Print the listing below exactly, images excluded.

Collected data:
>>>>

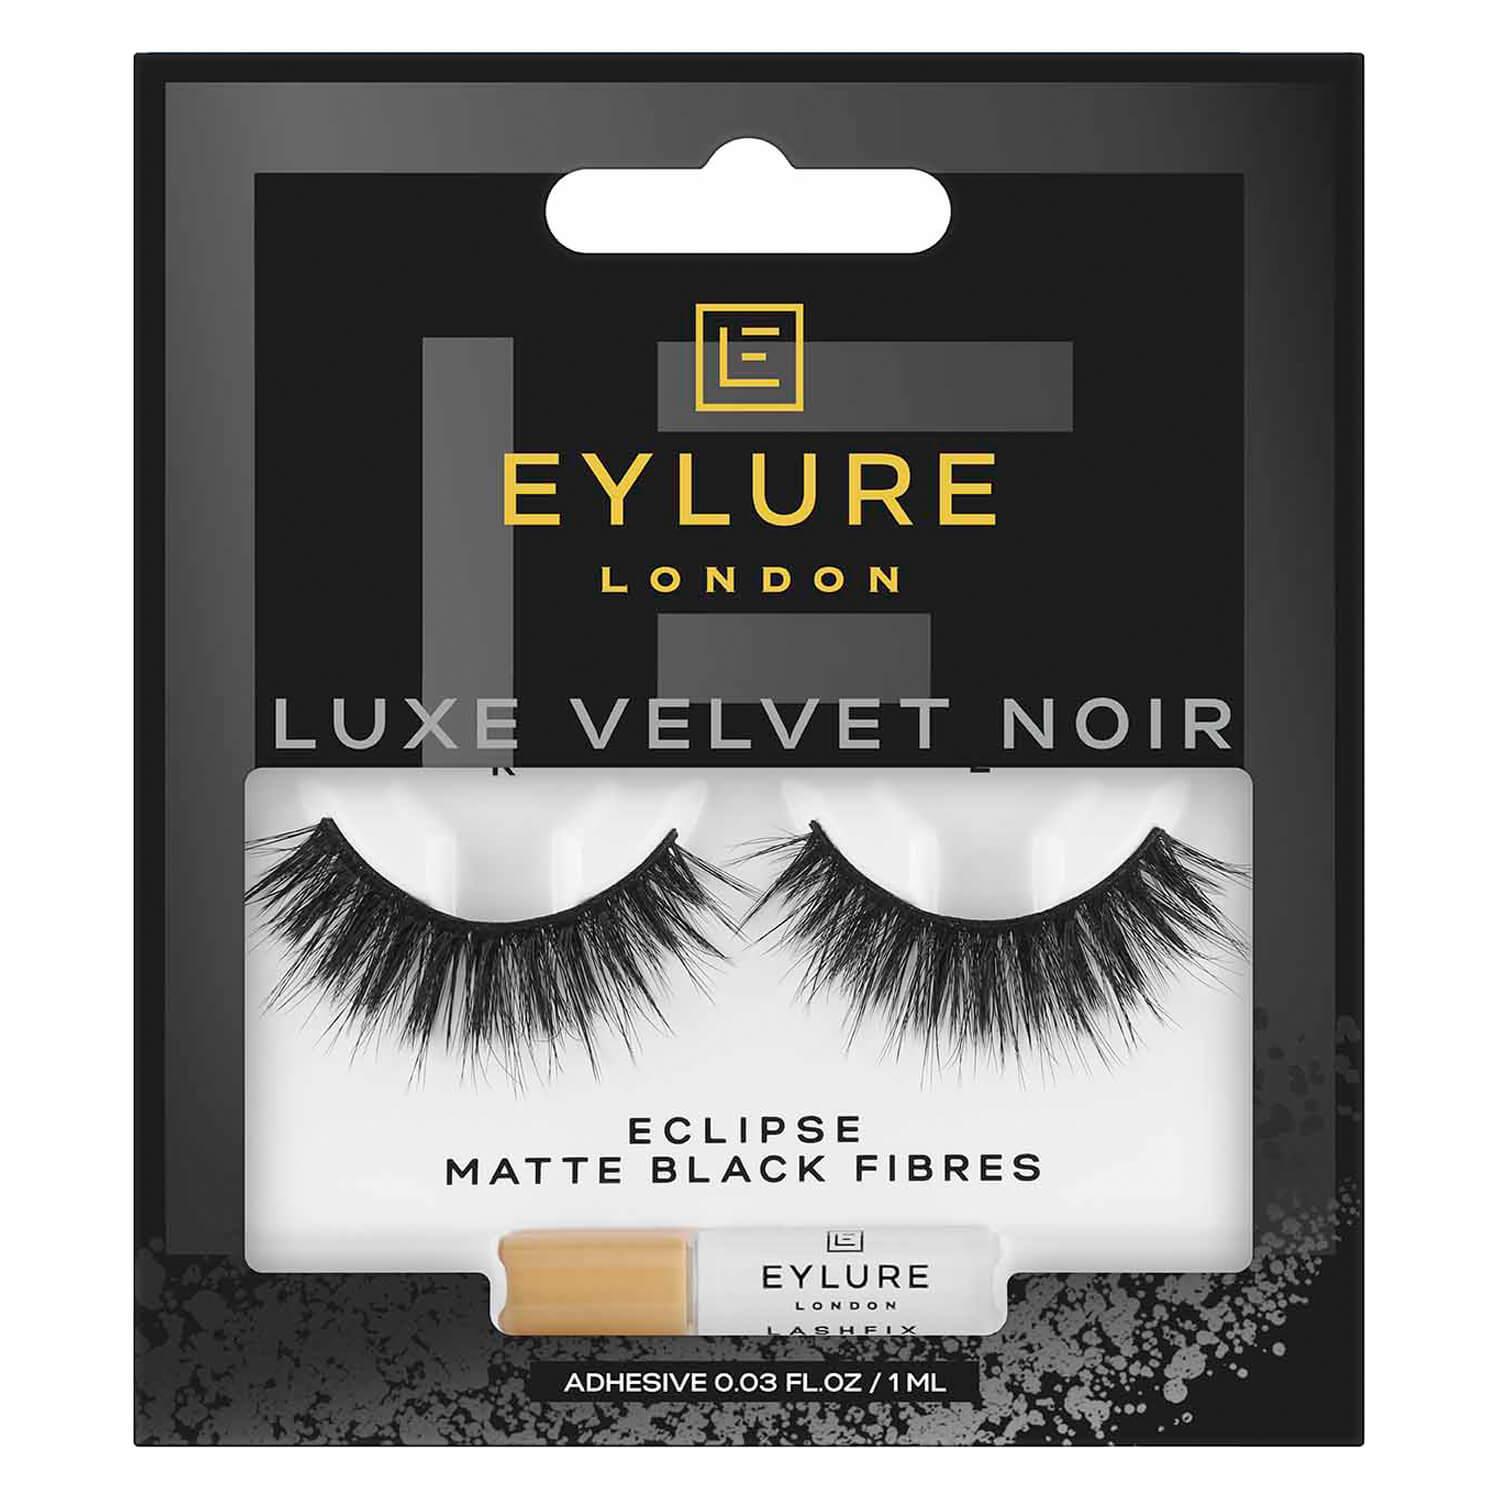 EYLURE - Luxe Velvet Noir Eclipse
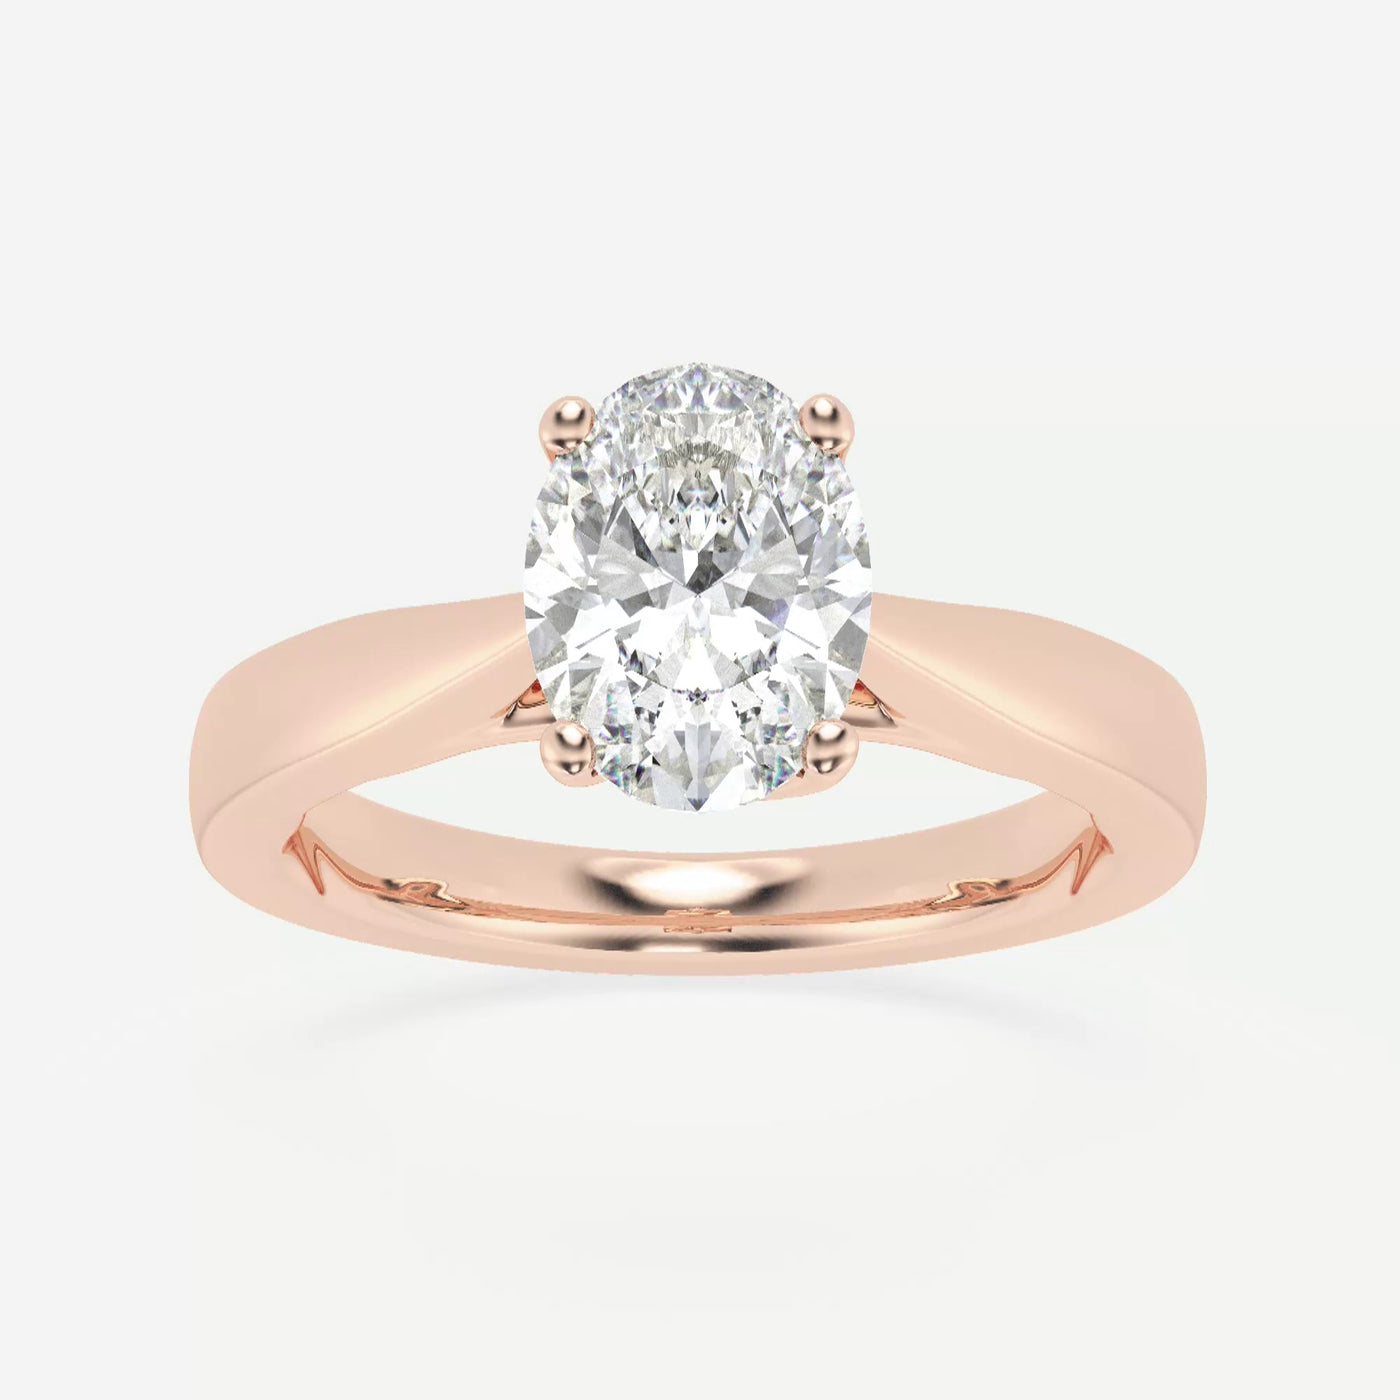 _main_image@SKU:LGD-TXR01766-GP4~#carat_1.50#diamond-quality_fg,-vs2+#metal_18k-rose-gold
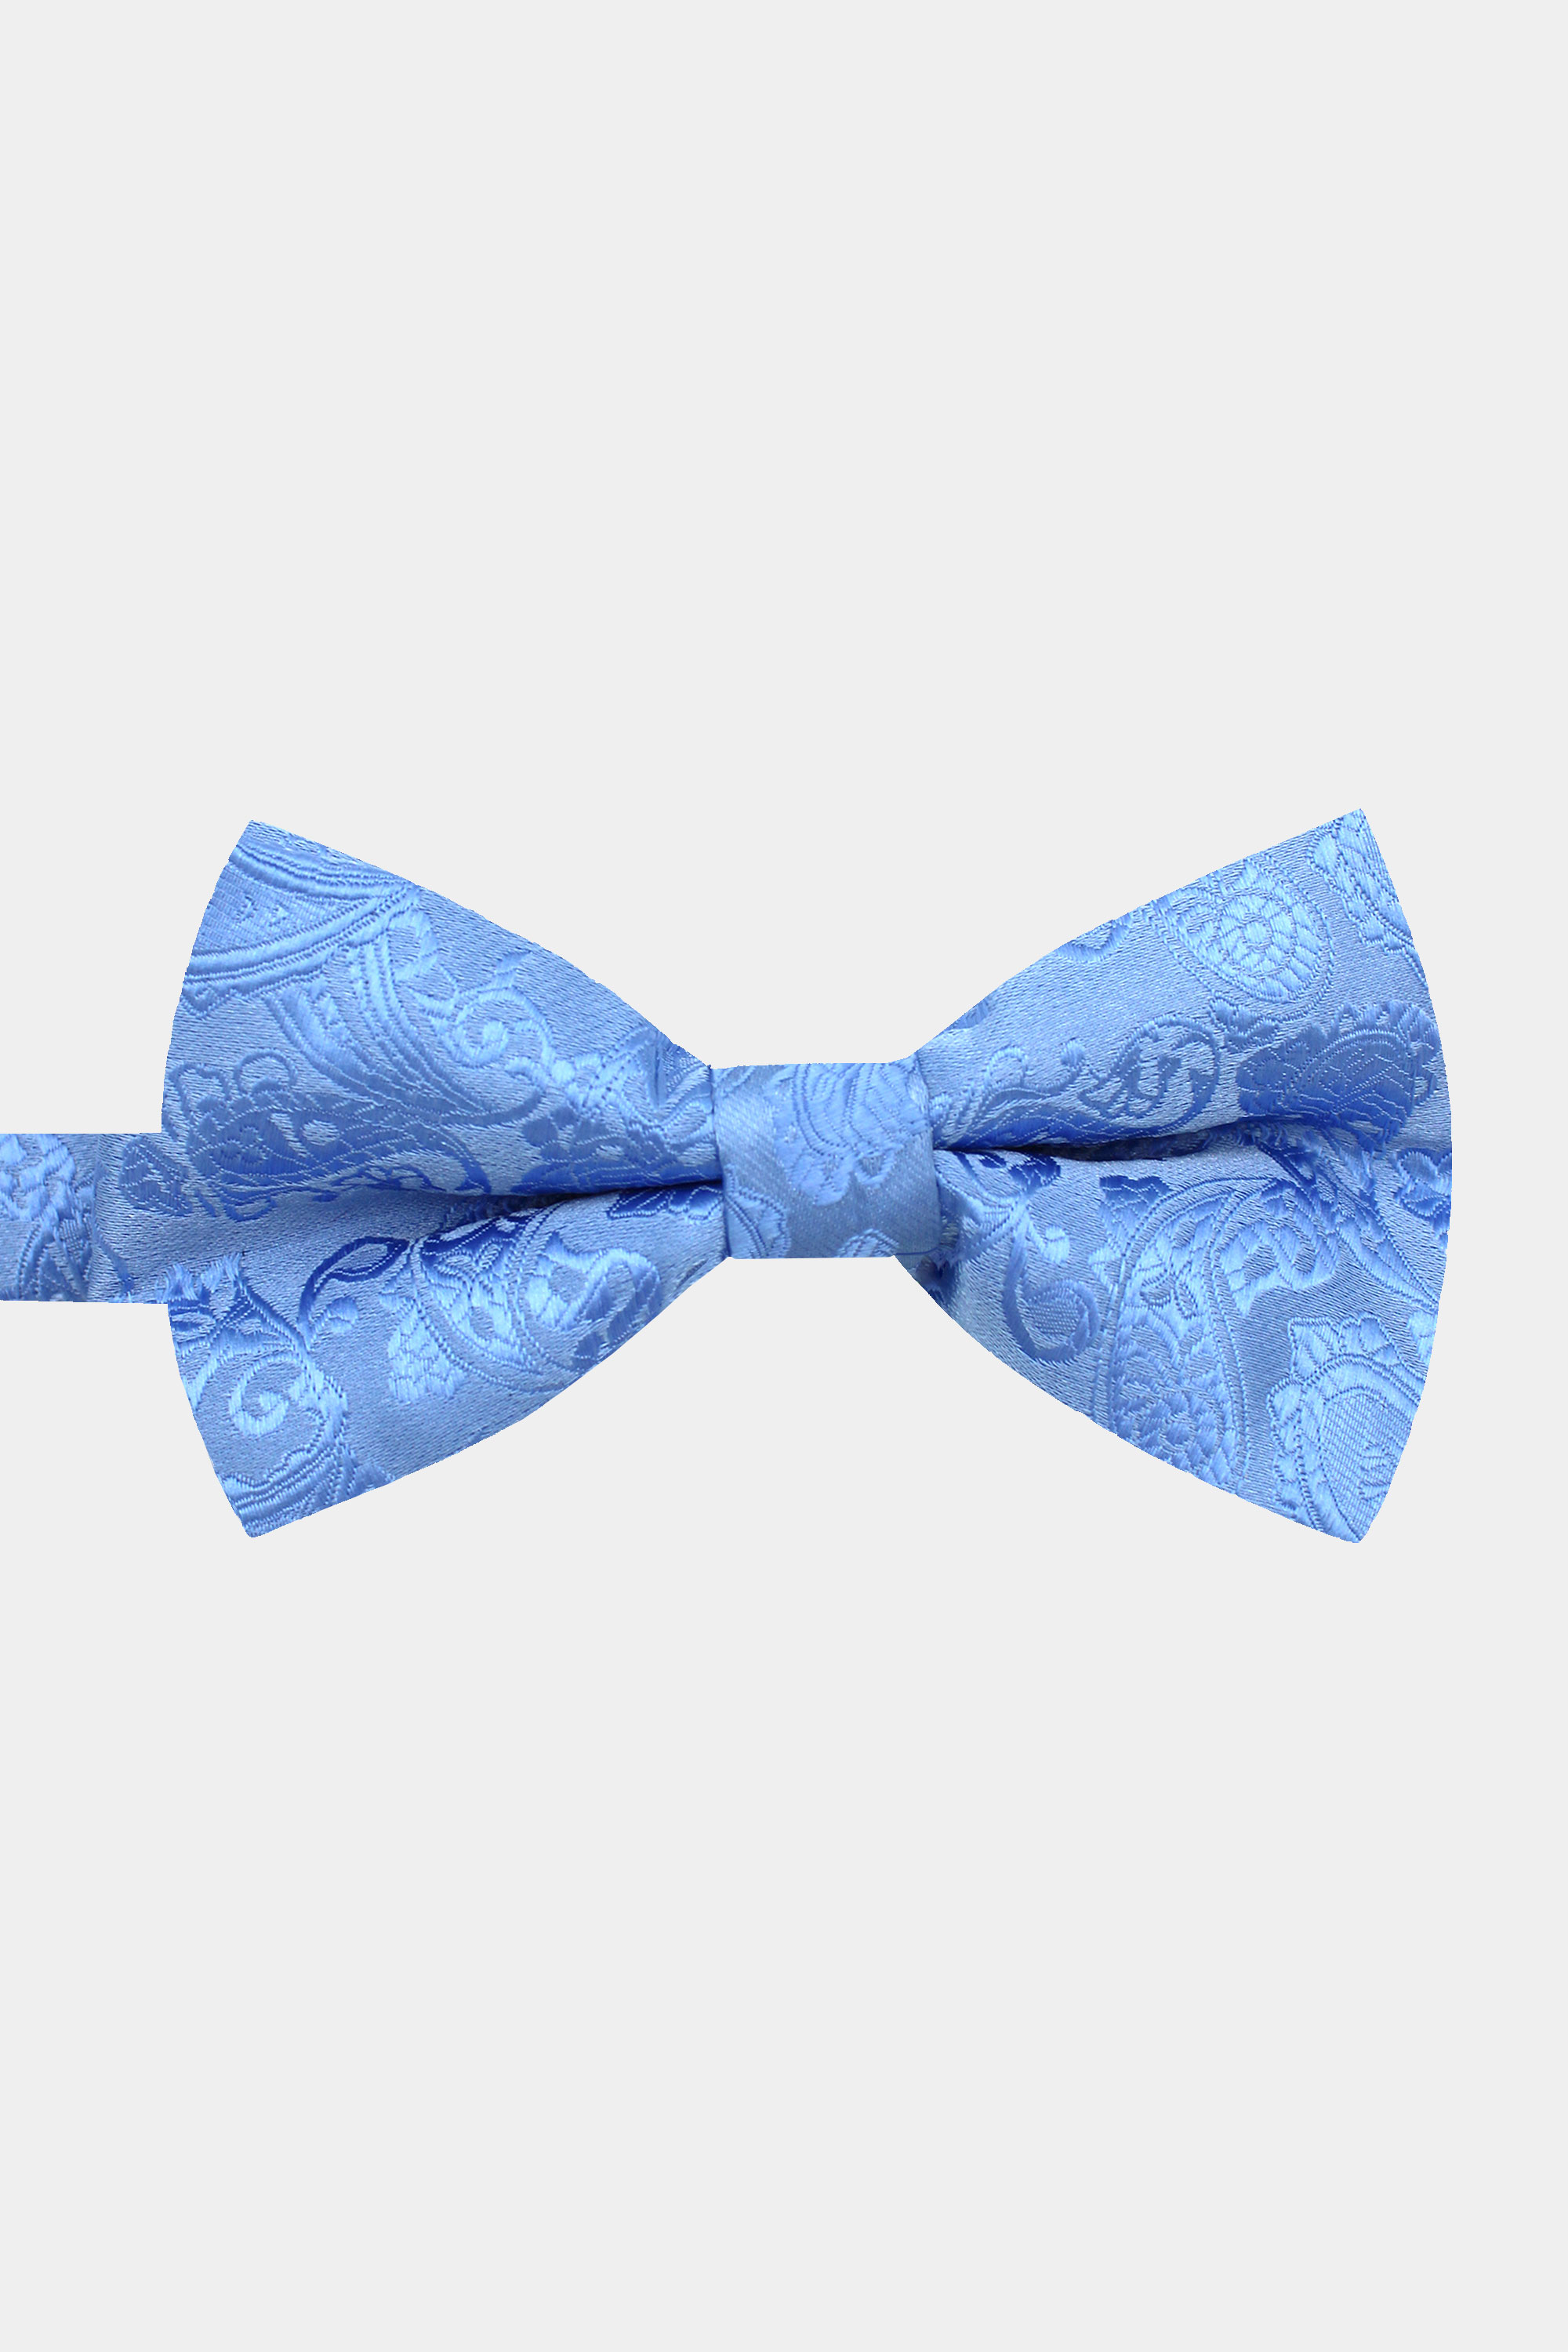 Light-Blue-Paisley-Bow-Tie-from-Gentlemansguru.Com

<<<<

Response to this task:
 EYLURE - Luxe Velvet Noir Eclipse
 _main_image@SKU:LGD-TXR01766-GP4~#carat_1.50#diamond-quality_fg,-vs2+#metal_18k-rose-gold
 Light-Blue-Paisley-Bow-Tie-from-Gentlemansguru.Com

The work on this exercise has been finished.